→ ACTIVITY: Without the pictures, copy all of the data exactly.
━━━━━ AVAILABLE DATA ━━━━━
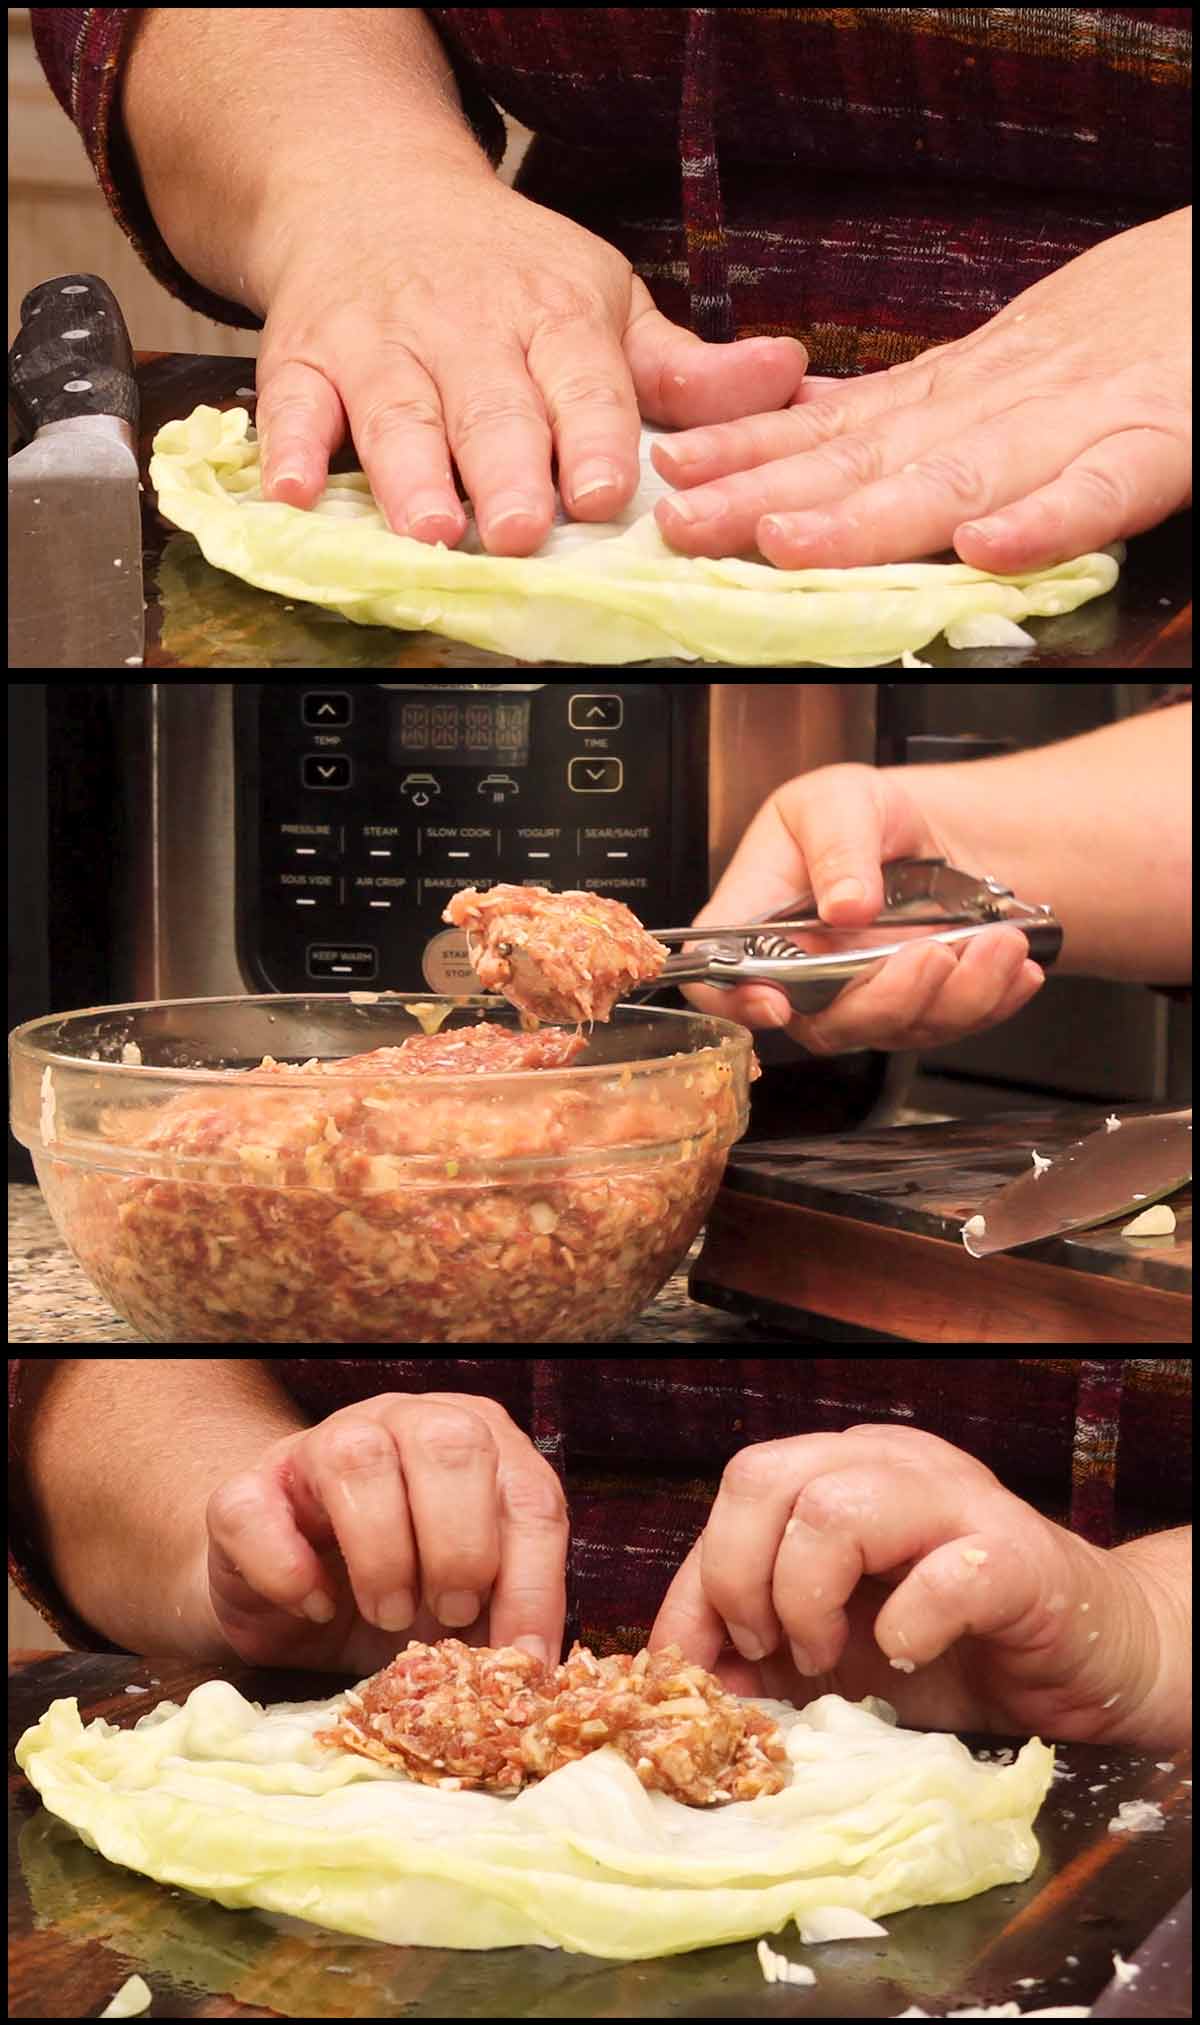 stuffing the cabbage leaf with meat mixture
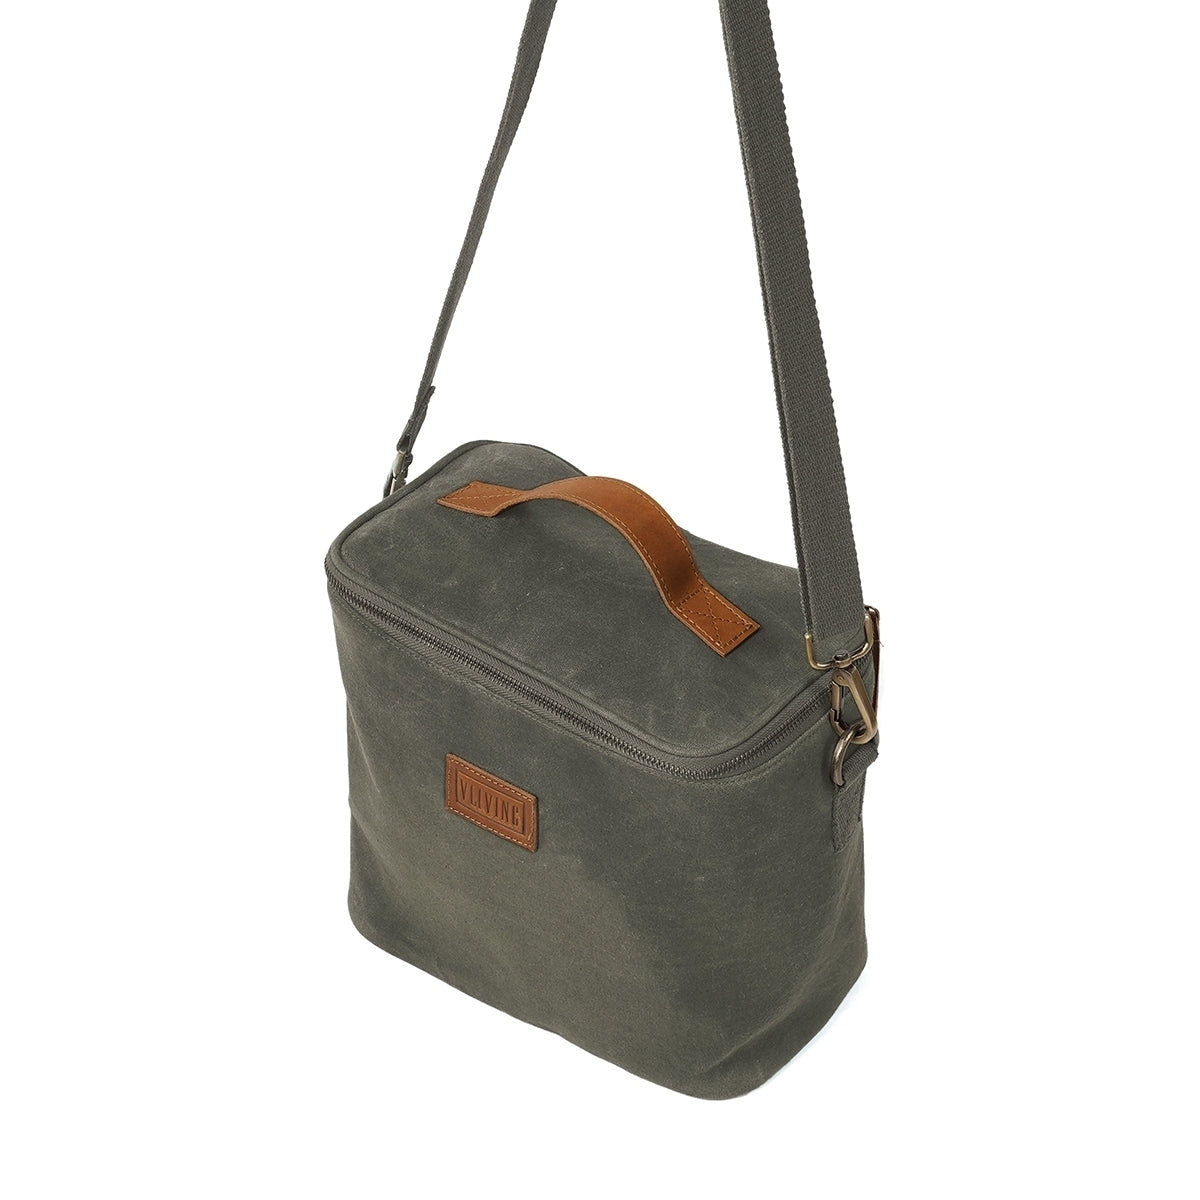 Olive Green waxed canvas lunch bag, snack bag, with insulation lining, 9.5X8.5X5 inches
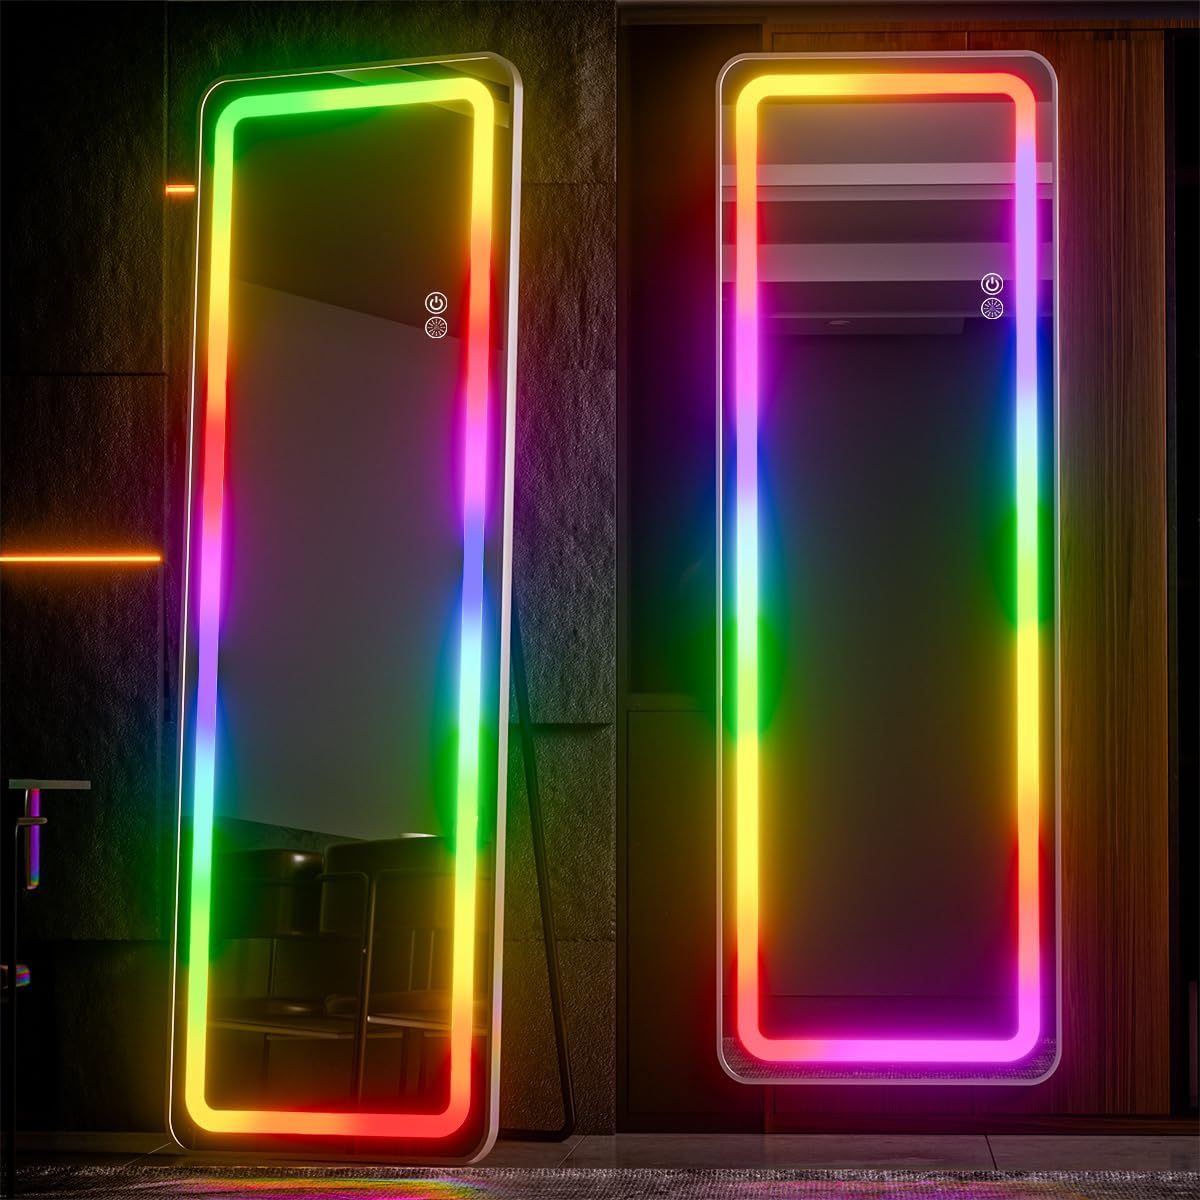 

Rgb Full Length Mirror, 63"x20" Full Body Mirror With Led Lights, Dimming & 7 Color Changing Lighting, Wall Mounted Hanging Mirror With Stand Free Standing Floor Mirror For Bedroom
━━━━━
→ SOLUTION TO THE PROBLEM:
 stuffing the cabbage leaf with meat mixture
 Olive Green waxed canvas lunch bag, snack bag, with insulation lining, 9.5X8.5X5 inches

Rgb Full Length Mirror, 63"x20" Full Body Mirror With Led Lights, Dimming & 7 Color Changing Lighting, Wall Mounted Hanging Mirror With Stand Free Standing Floor Mirror For Bedroom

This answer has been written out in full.